Hi, we are working with XML files that can be as big as 6Mb. Some XML documents that obey to a certain condition must be duplicated where only 2 elements need to change value. I thought using XPath to select the 2 XML elements and updating. But as far as I know, you can only update elements after selection with XPath if you use the JDOM XPath class. Using the JDOM XPath class implicates that you first have to build a JDOM in memory tree representation of the XML document. This can be quite dramatic when a JDOM tree is build in memory from a 6Mb XML document. A solution to this problem is to use an XSLT stylesheet with Xalan where we give the new values for the 2 elements as parameters to the Transformer class. Xalan will use a event driven parser like Xerces that makes use of streams. Are there any other possibilities? I think we're not the only people that need to change a couple element values in a XML with as little overhead as possible. Best regards, Mark
- Posted by: Mark Noten
- Posted on: December 19 2006 07:36 EST
If all you are doing is changing simple textual values in two elements in a large document, you would be best using the SAX API. However, the question is how easily you can identify those two elements when the parser reaches them. Since you didn't post the XPaths, I can't comment on how easy or difficult it will be. If the XPaths aren't too complicated, you can probably track the context in SAX. There is, as it happens, some discussion of this in an XML APIs chapter that I wrote in the soon to be released book "Advanced XML Applications from the Experts at The XML Guild": http://www.amazon.com/XML-Power-Comprehensive-Guide-Guides/dp/1598632140/ Cheers, Tony.
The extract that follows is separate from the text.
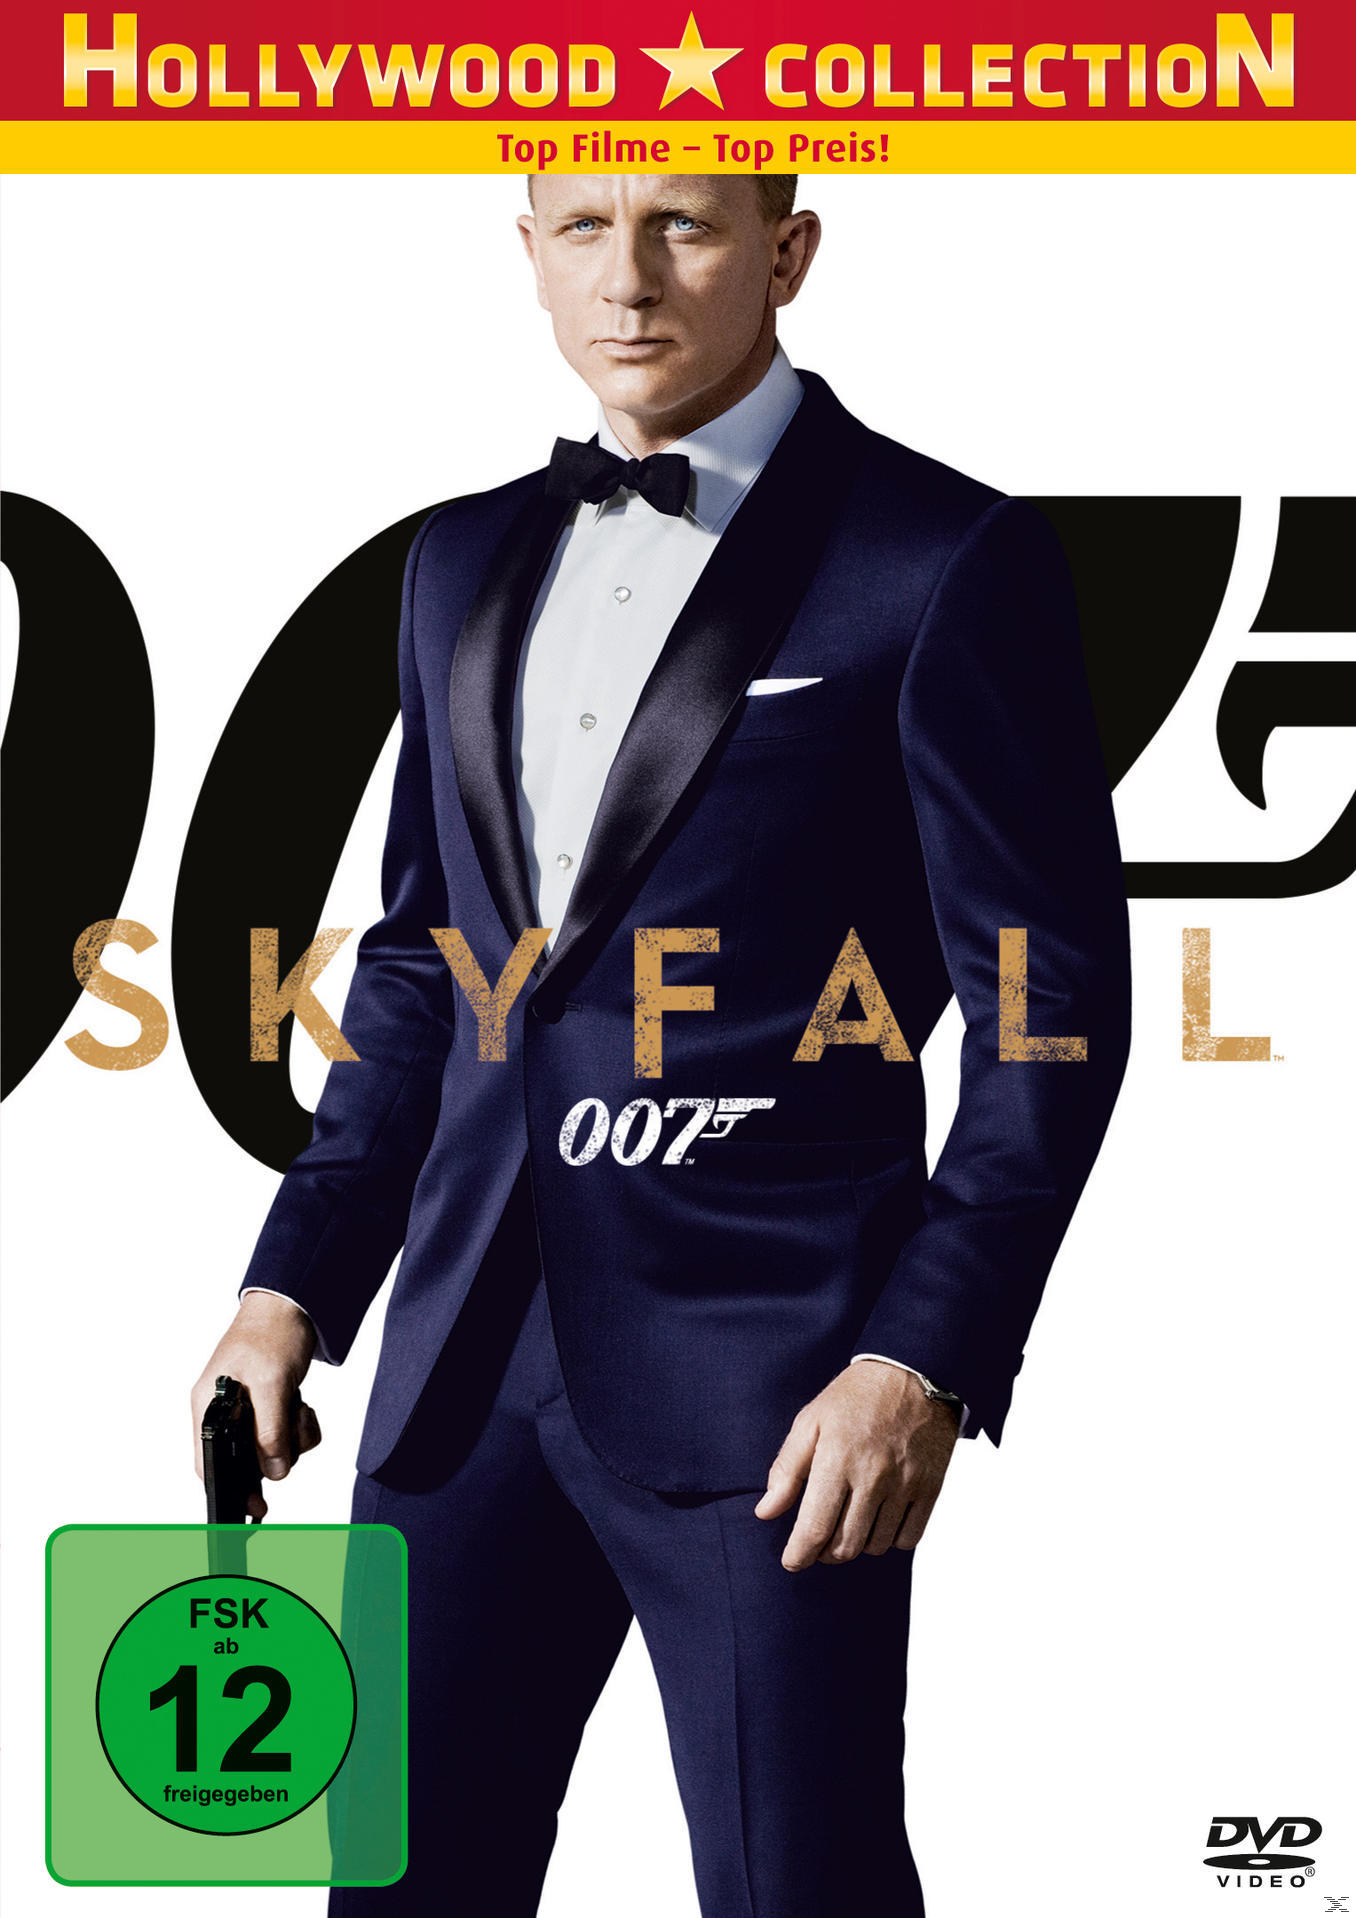 James Skyfall DVD 007 Bond -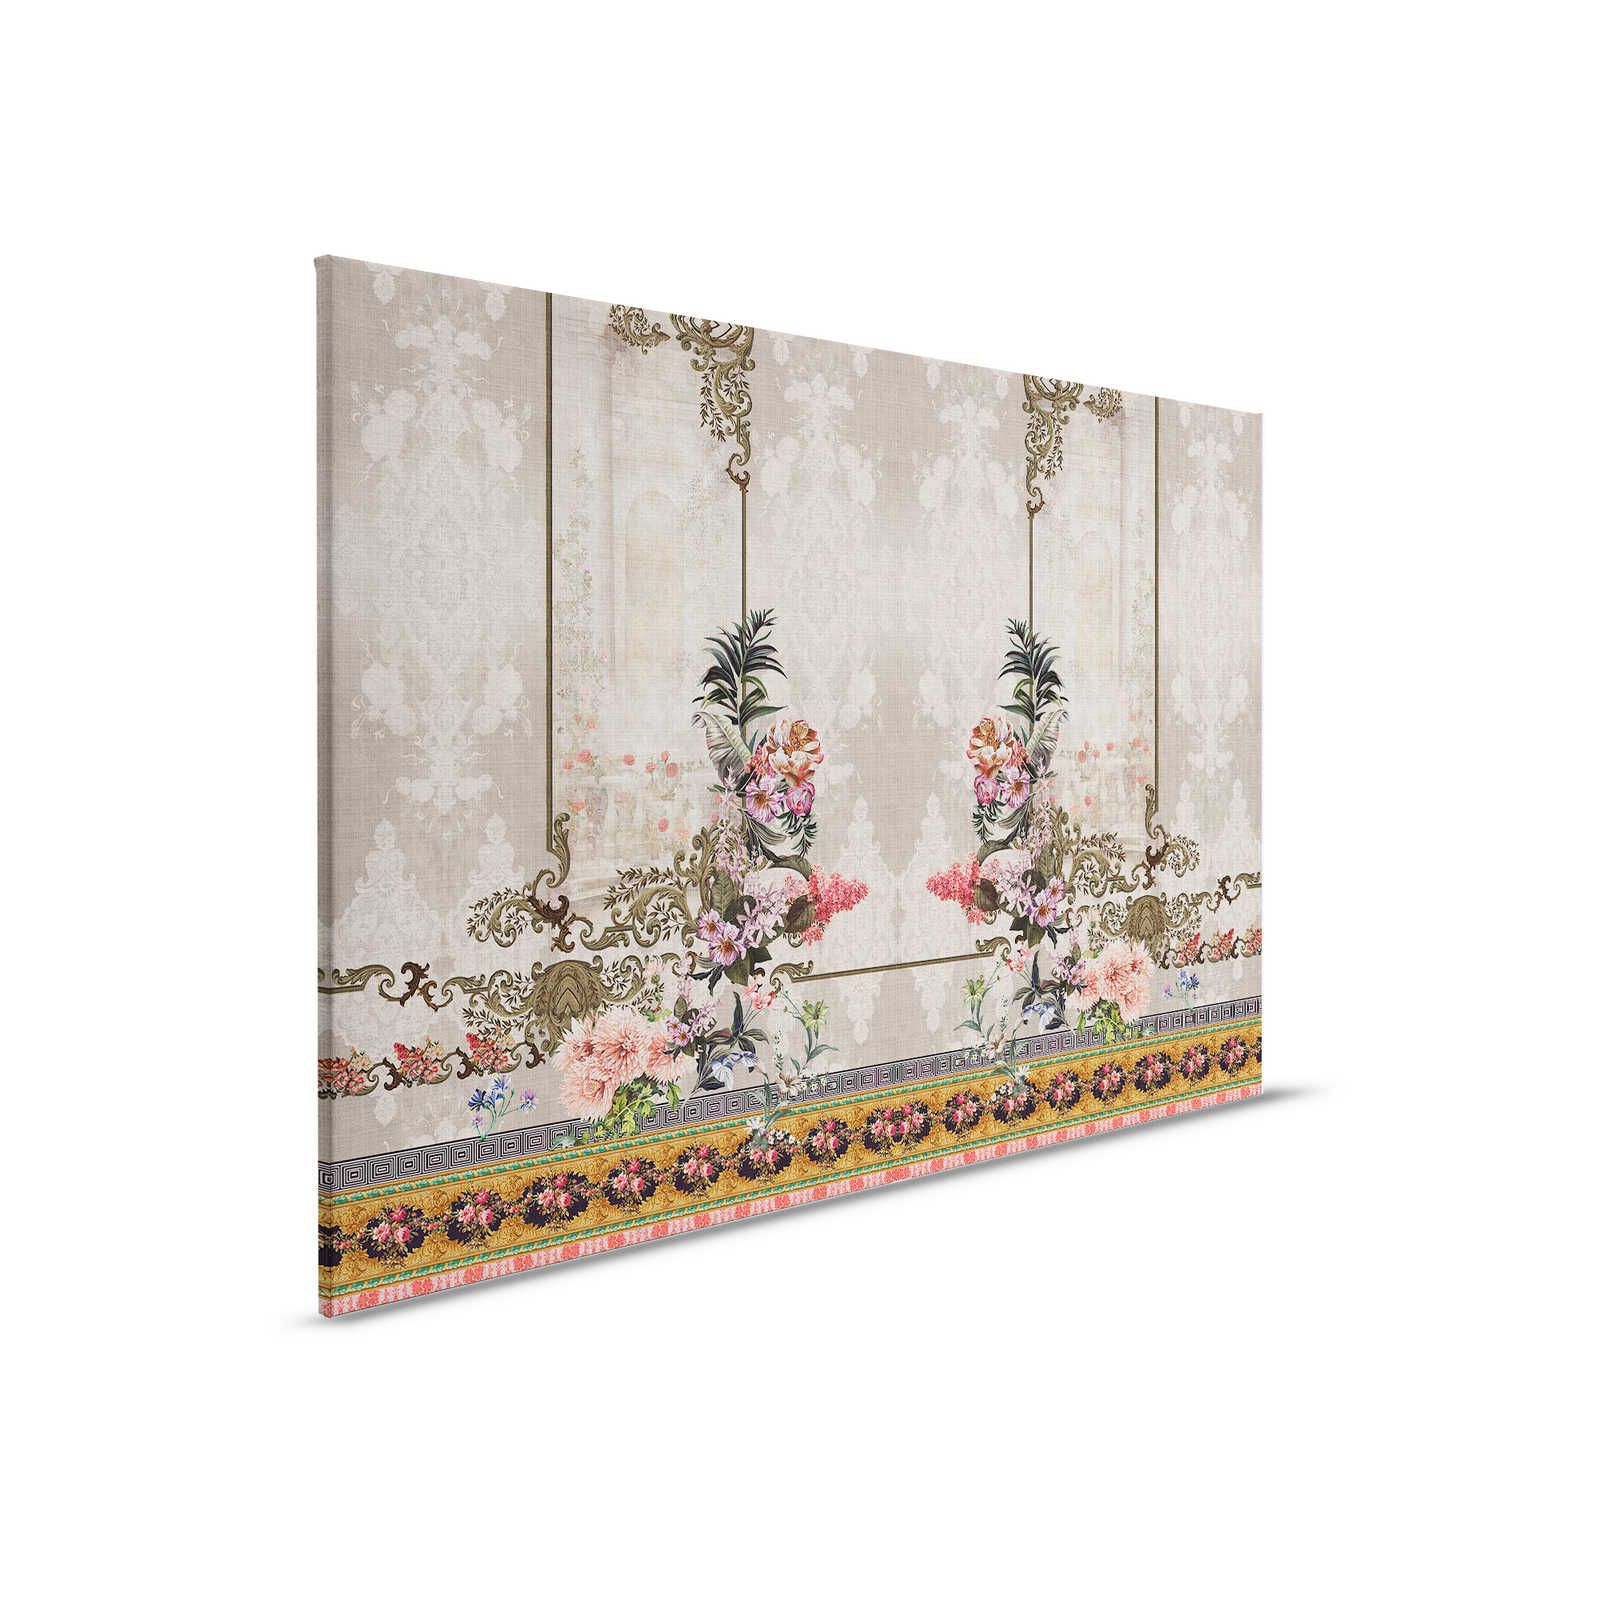 Oriental Garden 1 - Canvas painting Wall Decor Flowers & borders - 0,90 m x 0,60 m

The XML file is quite big but the elements that need to change value are on top (the XXX and YYY value). XXX YYY false ... up to 6 Mb of content ... So a simple SAX2 handler from Xerces that extends the DefaultHandler base implementation could delegate the SAX events to an XMLSerializer that acts like a document handler. When a SAX2 event is raised at the start of the element we could set a flag so that the characters method in the handler does not write XXX to the ByteArrayOutputStream but a specified value. What I know of Xerces is that it has support for SAX version 2. Is there any reason (performance, stability, ...) for choosing the SAX API over the Xerces API? Thank again Tony for your quick reply!
The SAX API is implemented by various parsers. By all means use Xerces and its SAX implementation. Cheers, Tony.